» **EXERCISE REQUIREMENTS**
What is needed is an exact copy of the records, with the images left out.
[EXCERPTED DATA]
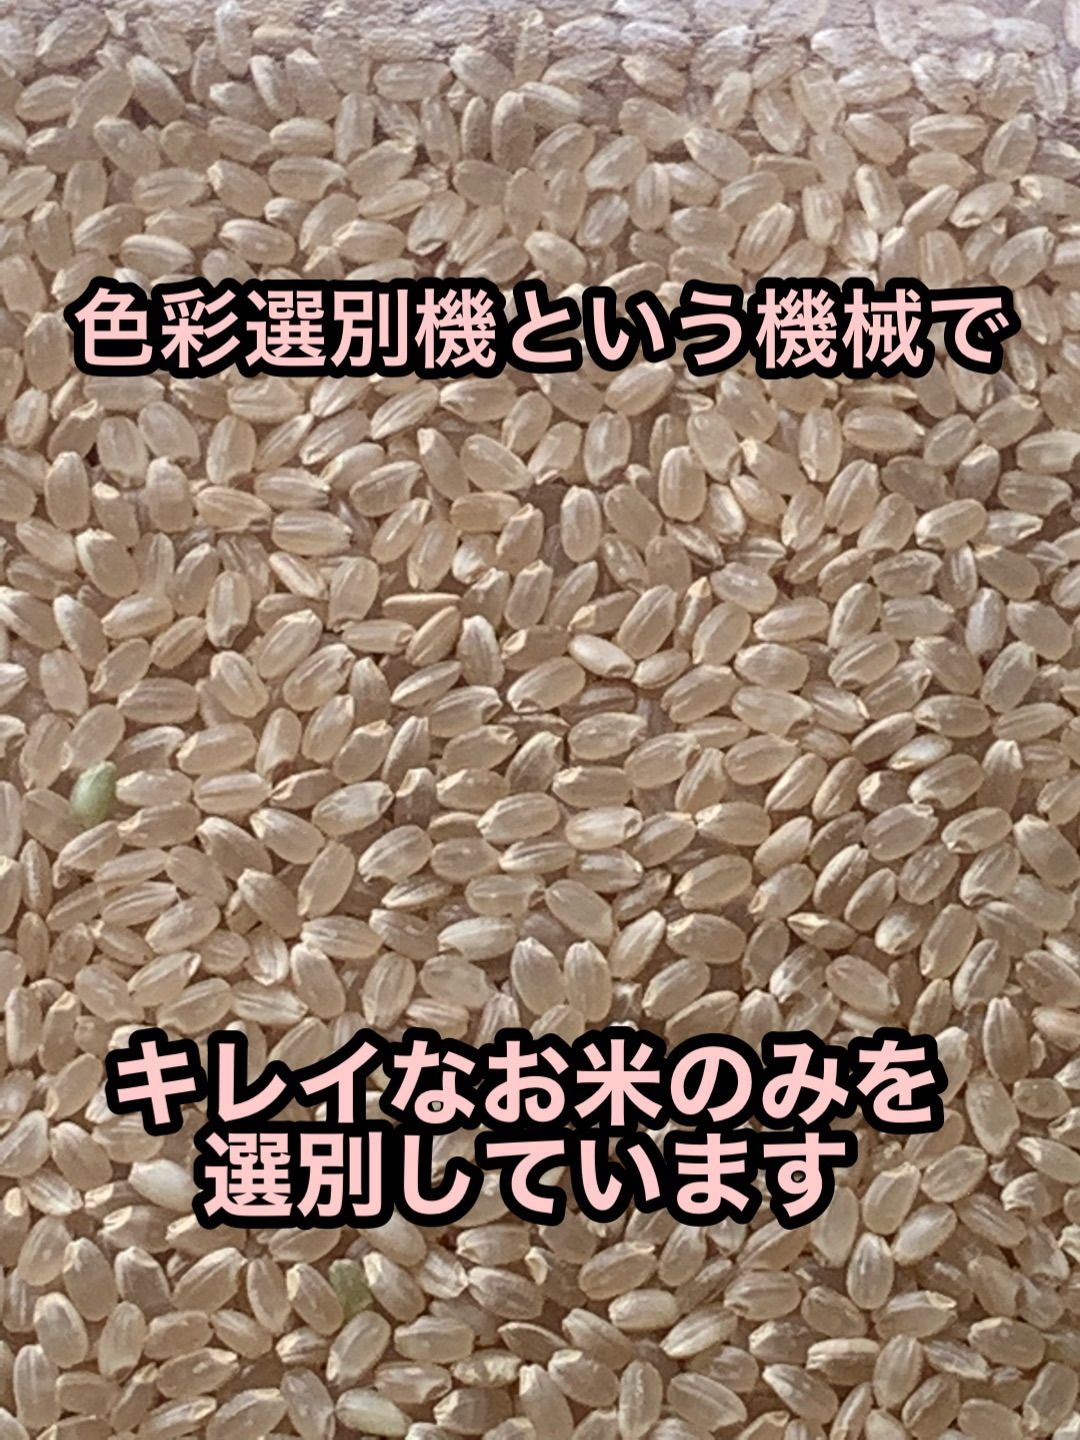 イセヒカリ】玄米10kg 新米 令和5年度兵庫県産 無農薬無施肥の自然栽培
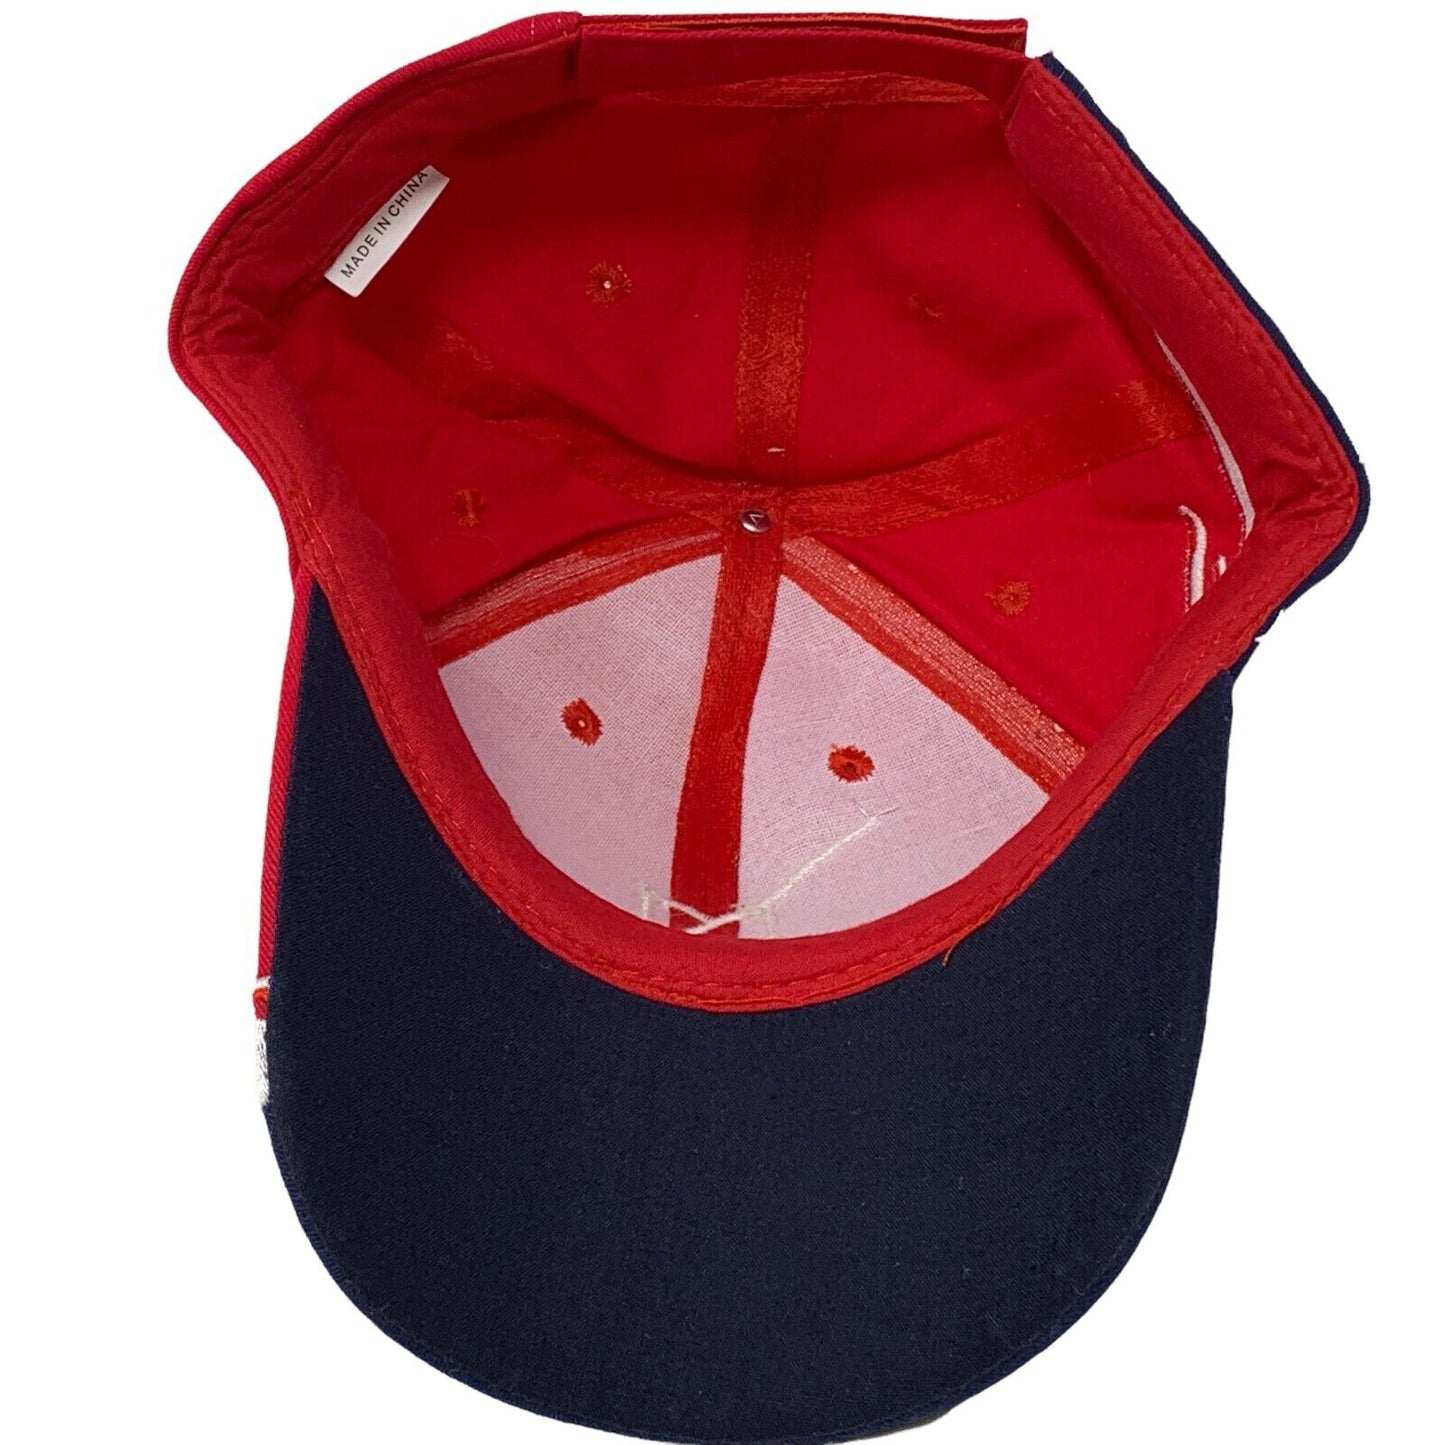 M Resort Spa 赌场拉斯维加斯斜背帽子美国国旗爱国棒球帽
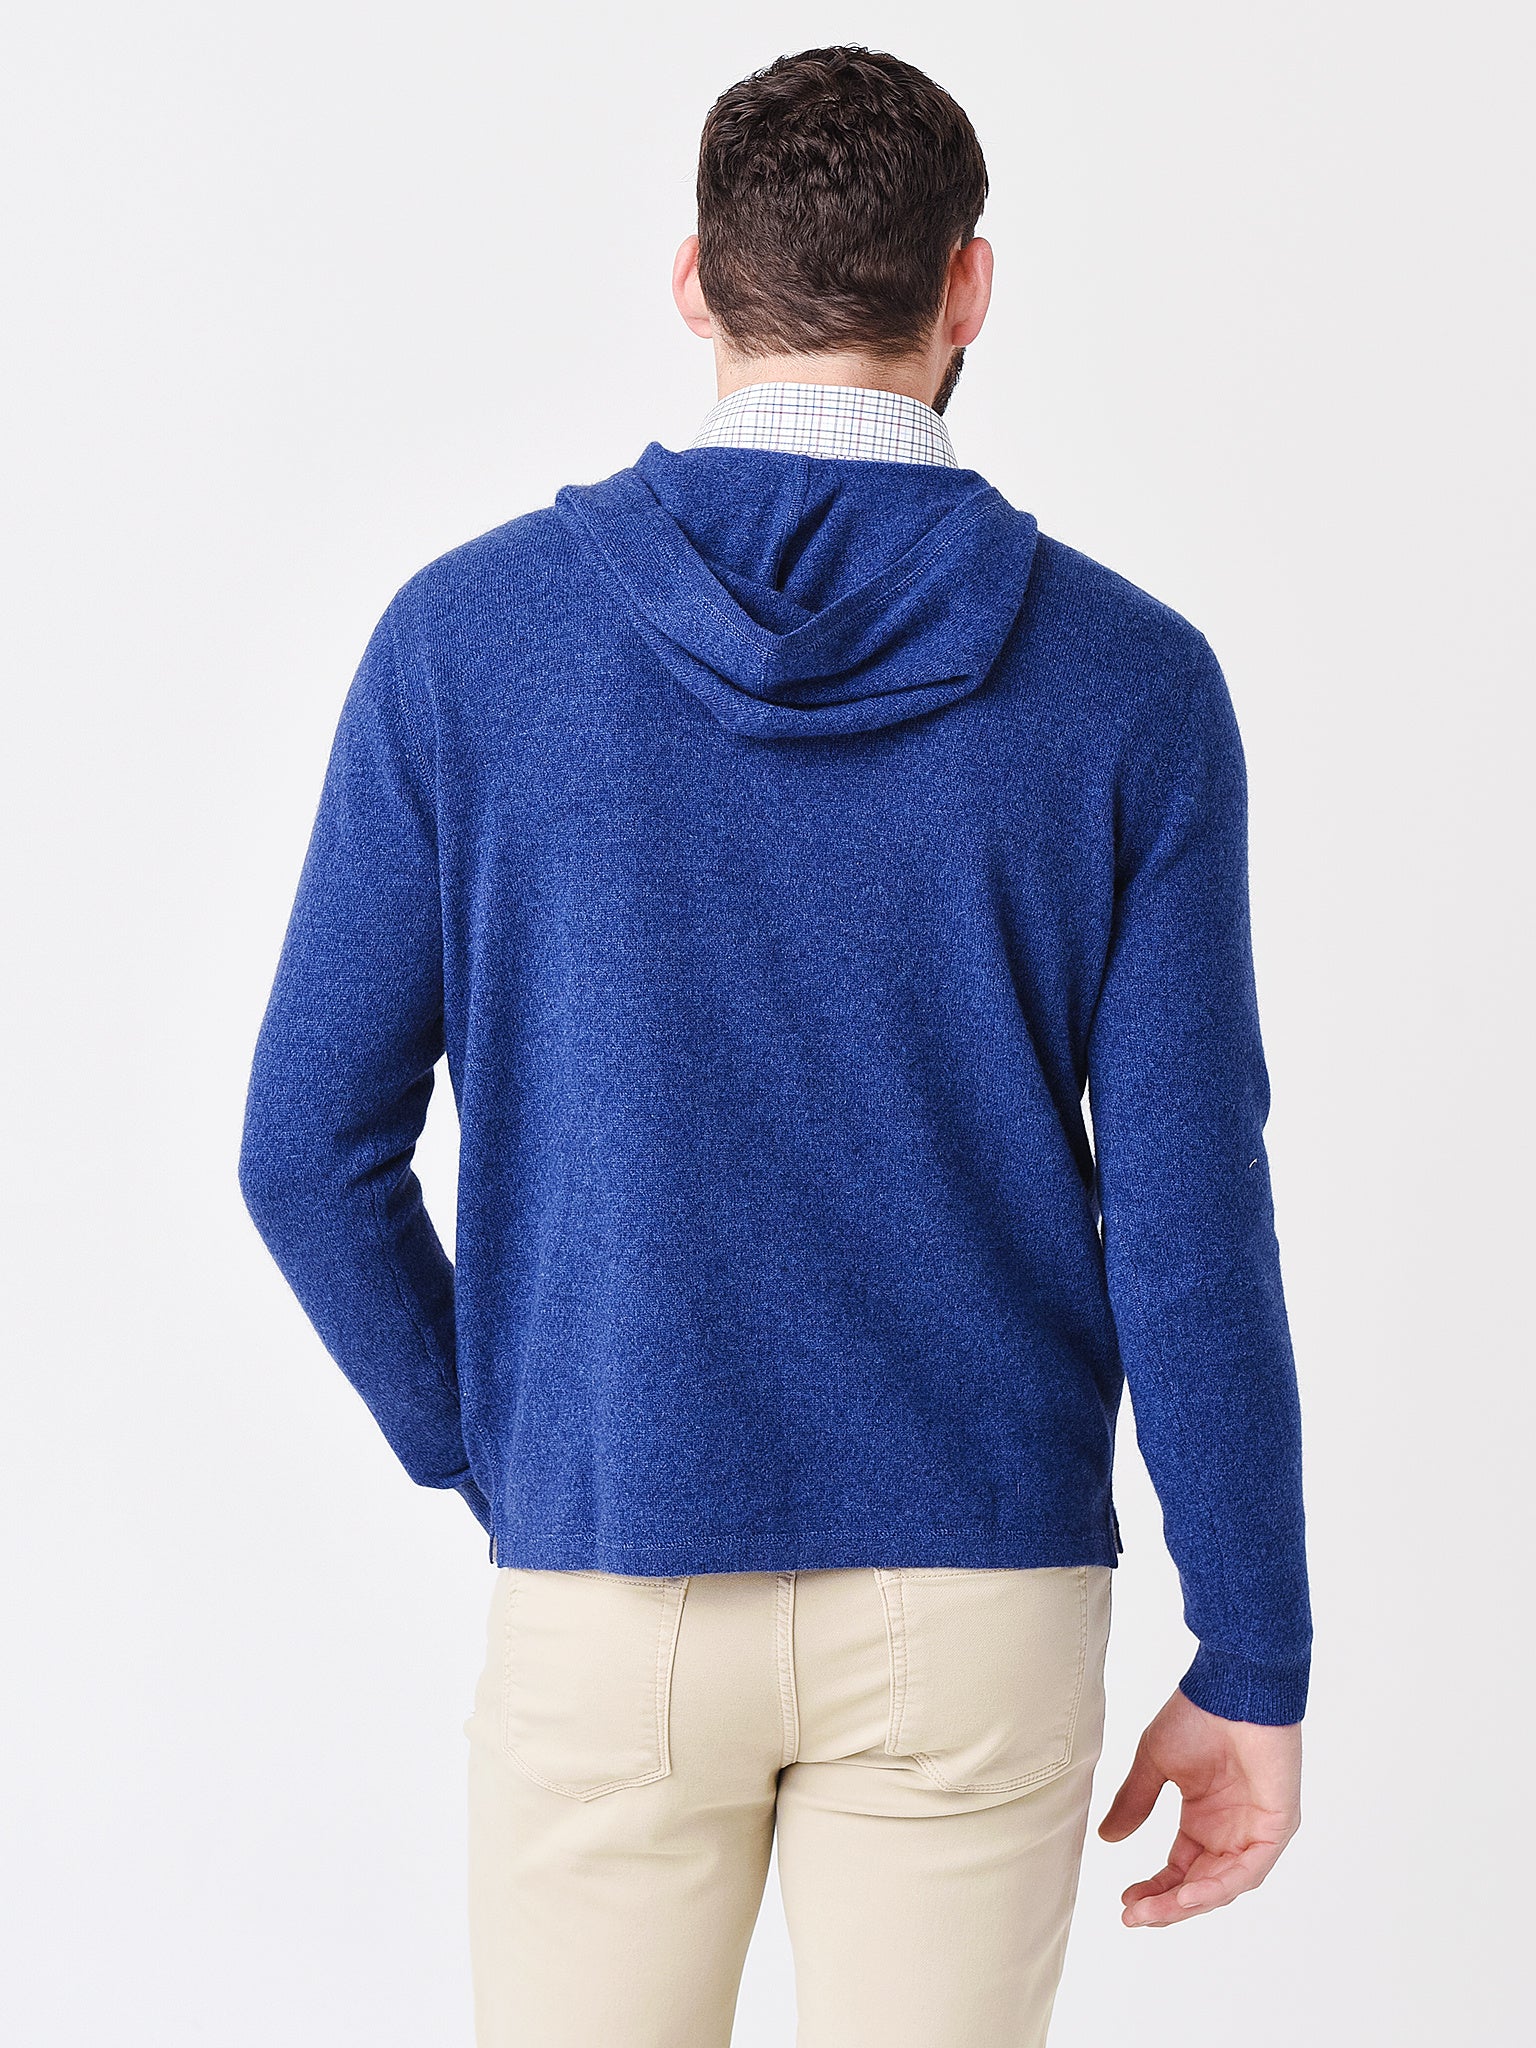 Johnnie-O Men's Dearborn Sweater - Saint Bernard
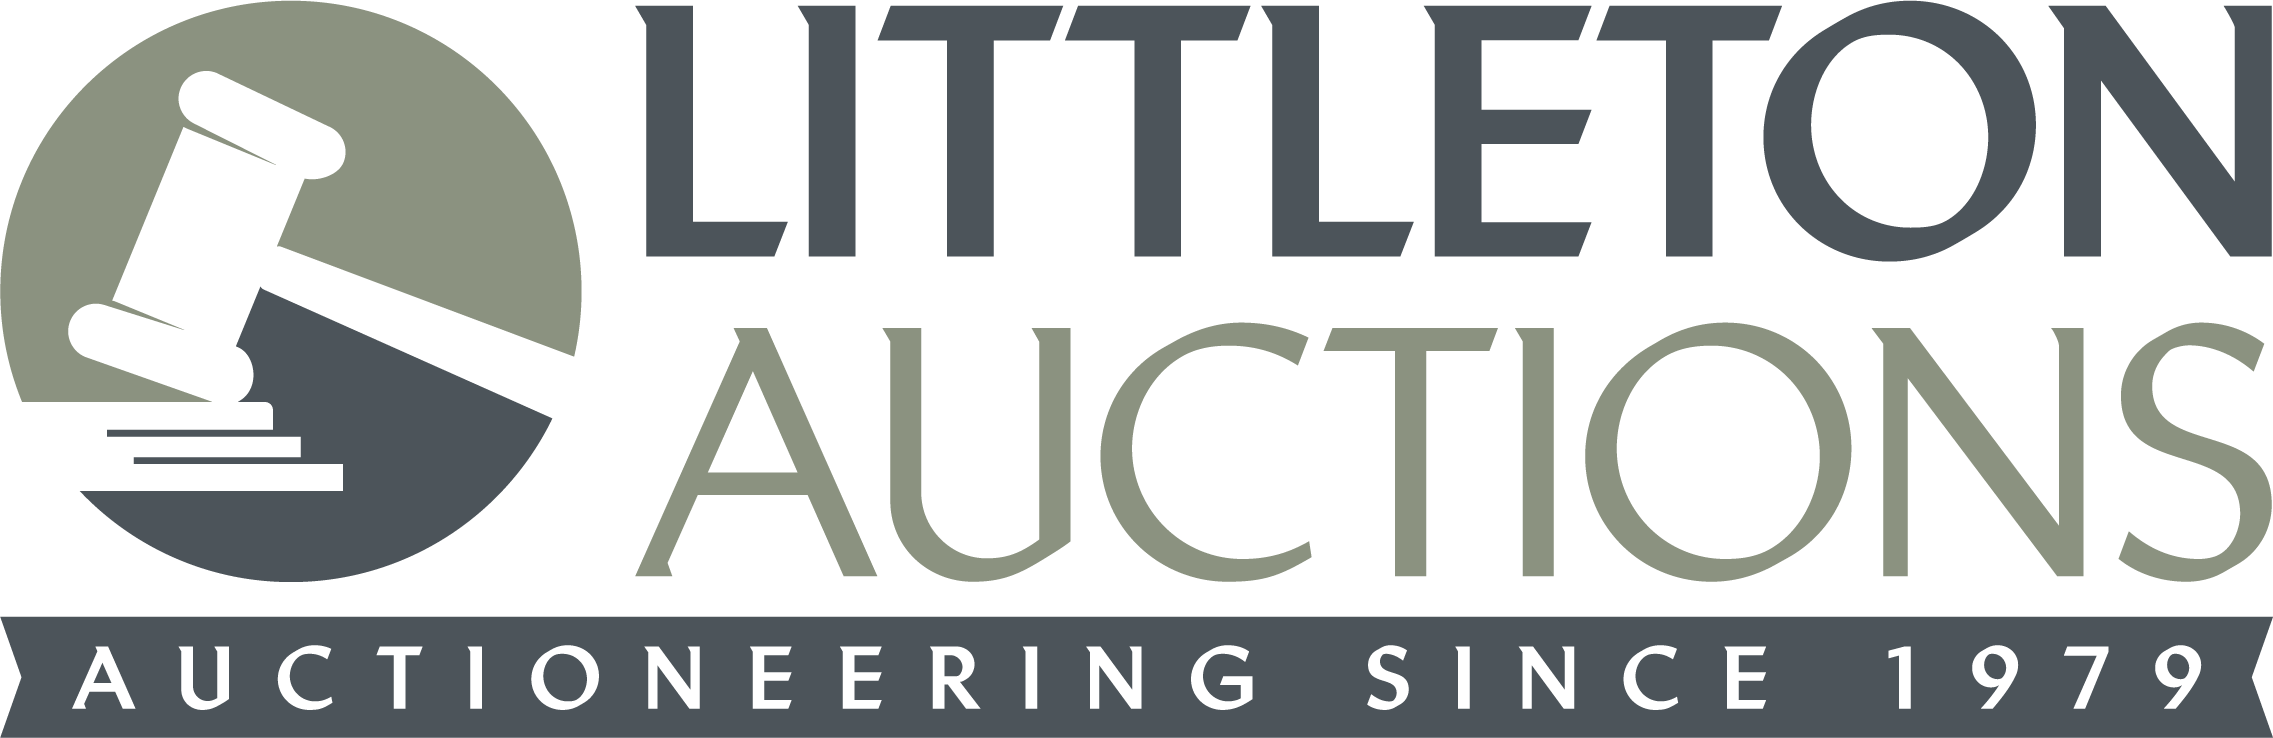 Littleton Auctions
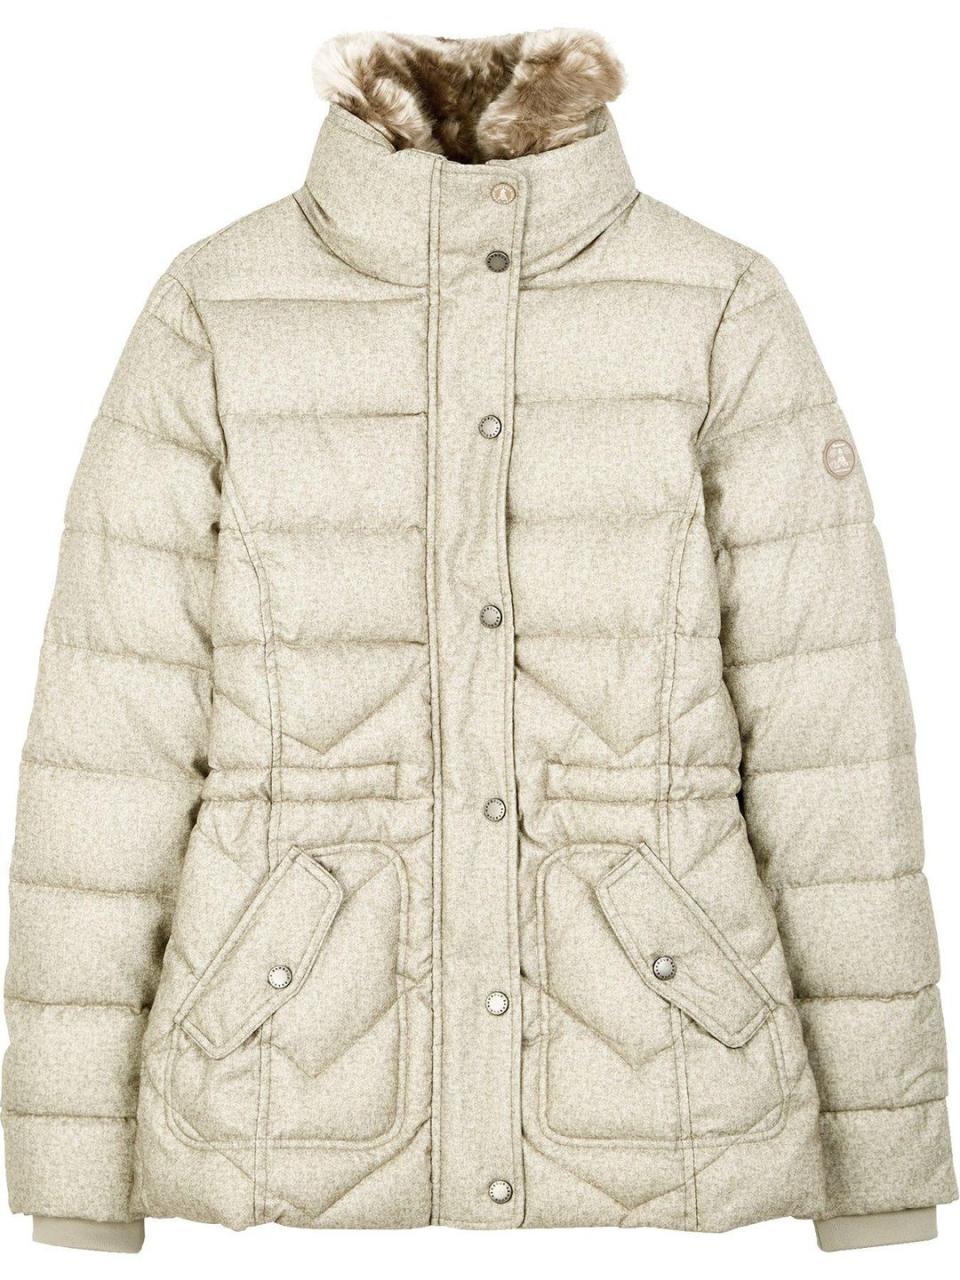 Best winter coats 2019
[/EXCERPTED DATA]
» **WORKED SOLUTION**
 イセヒカリ】玄米10kg 新米 令和5年度兵庫県産 無農薬無施肥の自然栽培
 M Resort Spa 赌场拉斯维加斯斜背帽子美国国旗爱国棒球帽
 Johnnie-O Men's Dearborn Sweater - Saint Bernard
 Littleton Auctions
 Best winter coats 2019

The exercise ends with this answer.